» Exercise aim
Begin at the line below that holds "M8 DIN 912 A2" and end at the line that holds "LE GRAND MANUEL", transcribing each line exactly and skipping any picture.

══ Study material

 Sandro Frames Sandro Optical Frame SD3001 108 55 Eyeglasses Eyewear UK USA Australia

════
══ Study material

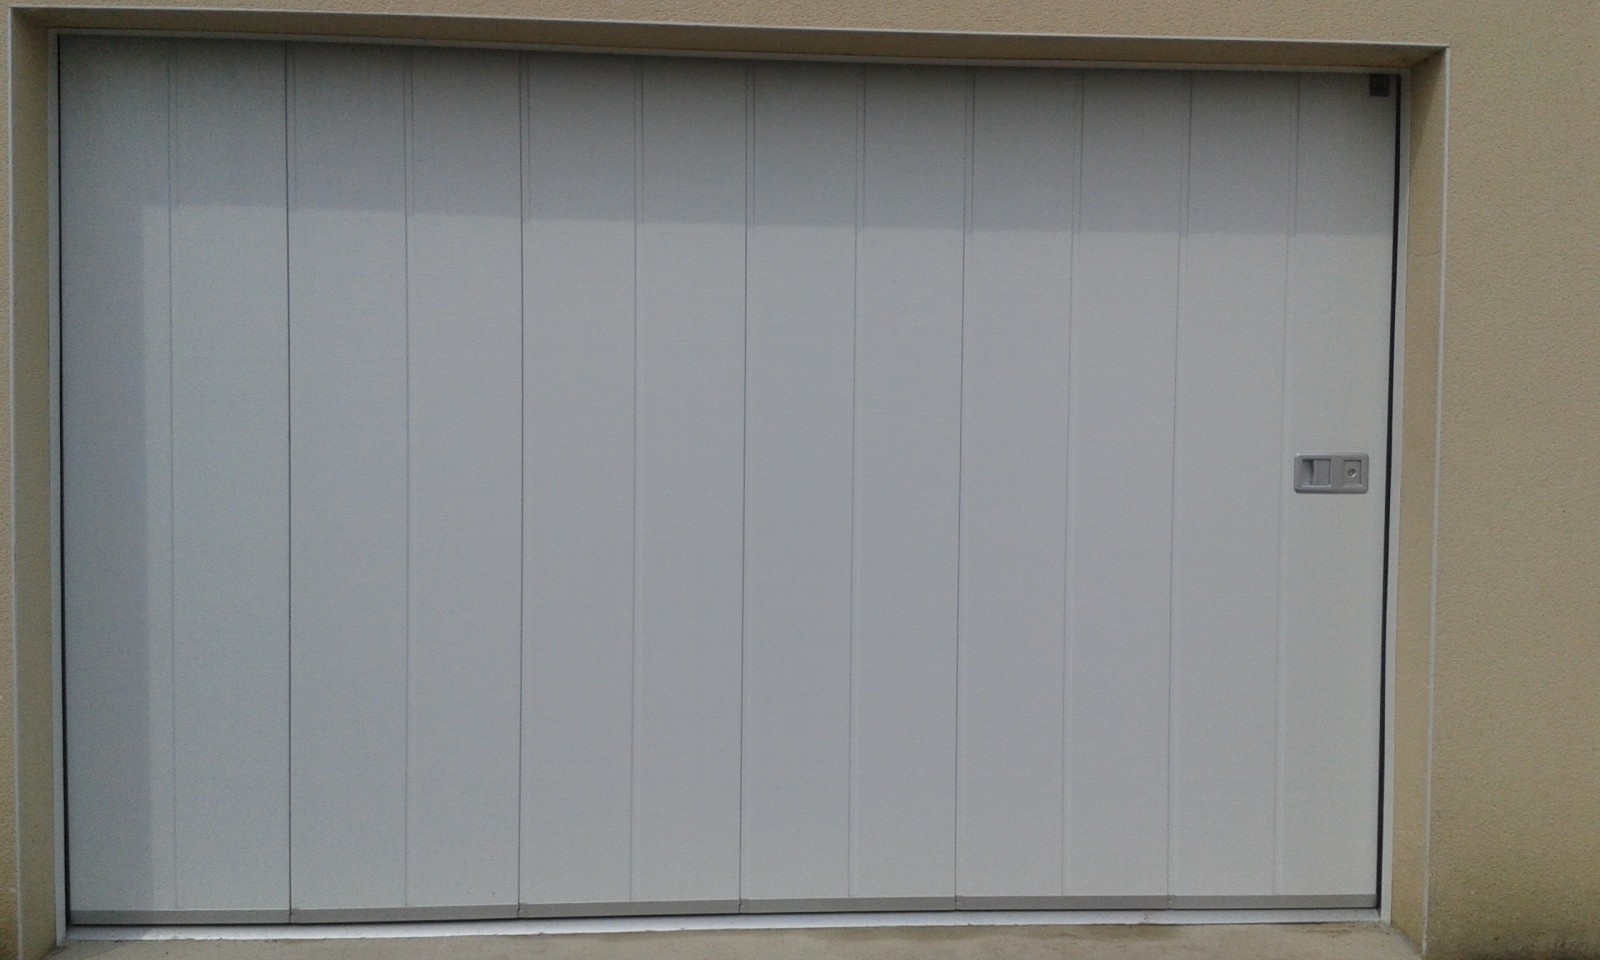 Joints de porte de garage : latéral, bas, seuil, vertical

════
══ Study material

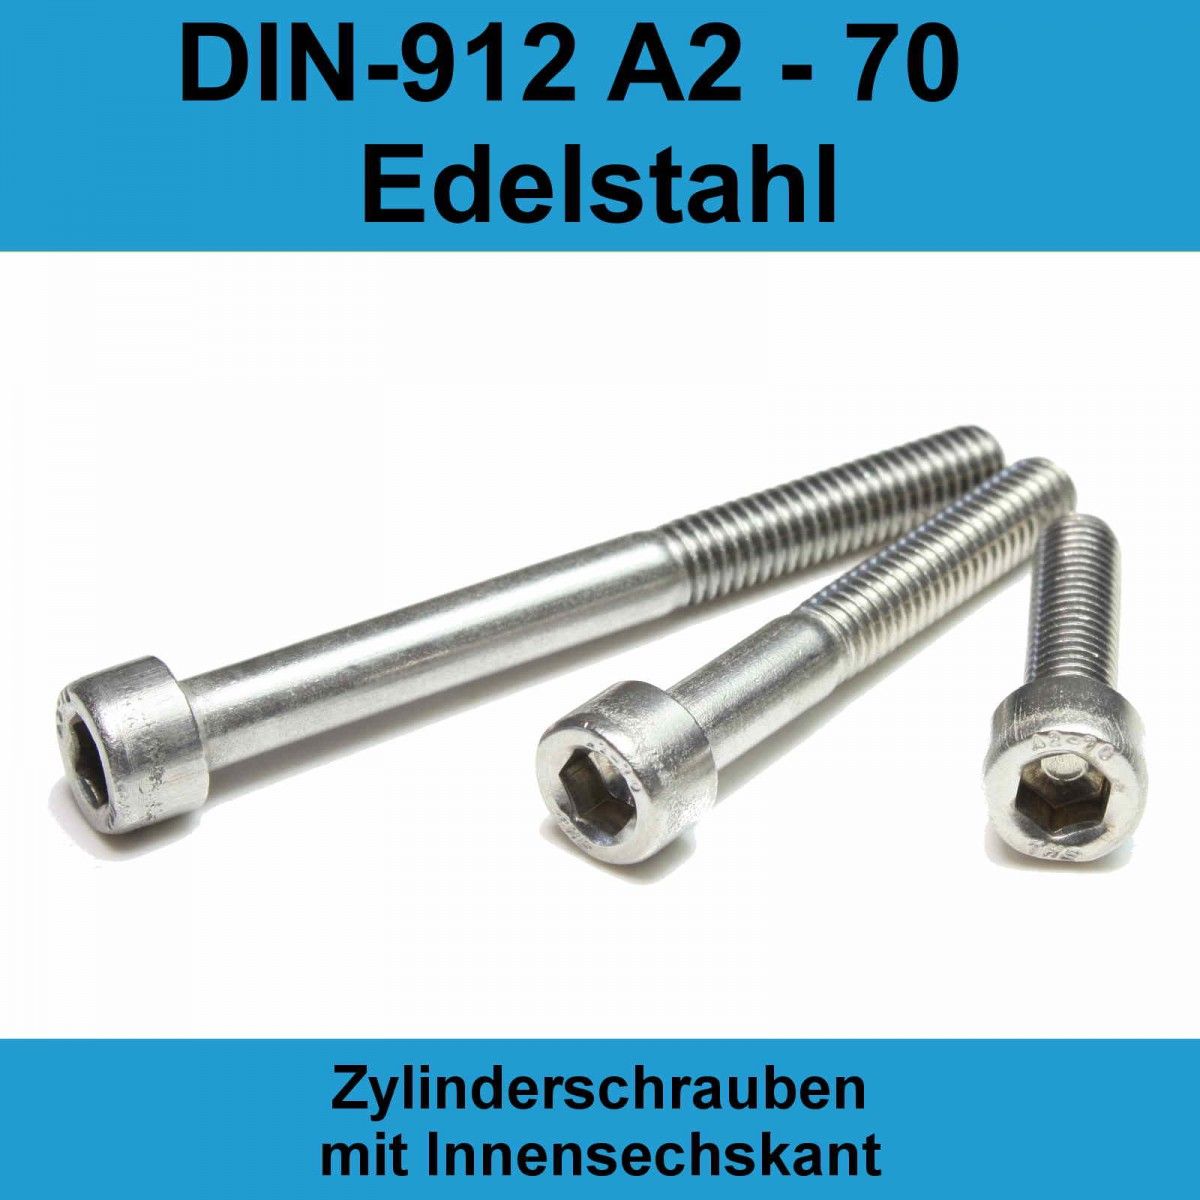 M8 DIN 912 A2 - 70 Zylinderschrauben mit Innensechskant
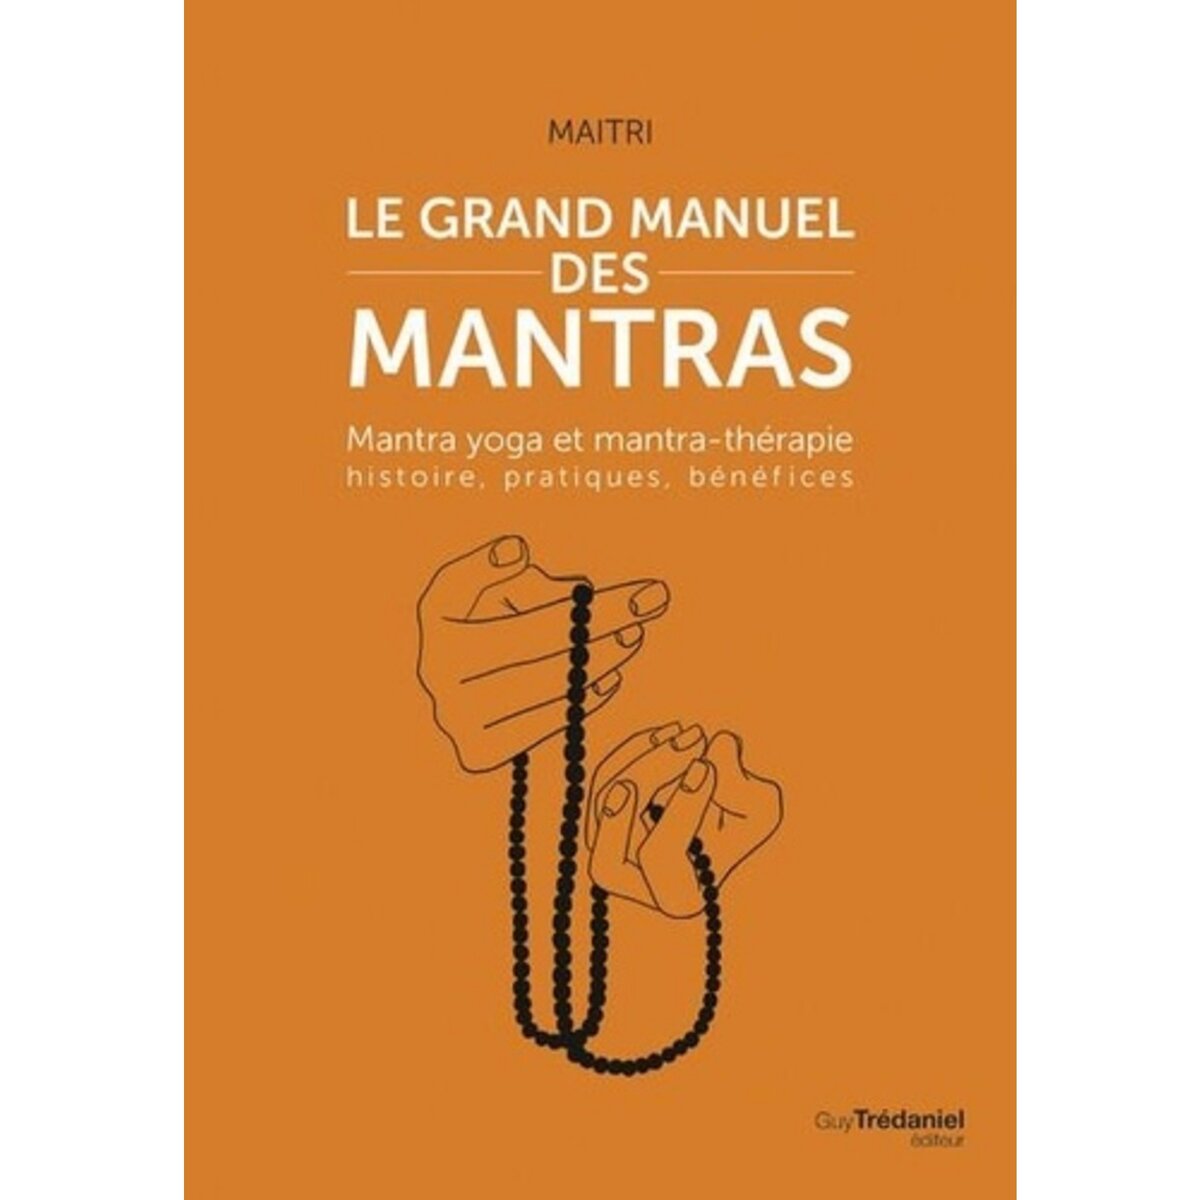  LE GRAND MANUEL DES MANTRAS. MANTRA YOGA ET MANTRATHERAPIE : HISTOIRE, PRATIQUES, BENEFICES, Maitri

════

» Completed exercise
 M8 DIN 912 A2 - 70 Zylinderschrauben mit Innensechskant
  LE GRAND MANUEL DES MANTRAS. MANTRA YOGA ET MANTRATHERAPIE : HISTOIRE, PRATIQUES, BENEFICES, Maitri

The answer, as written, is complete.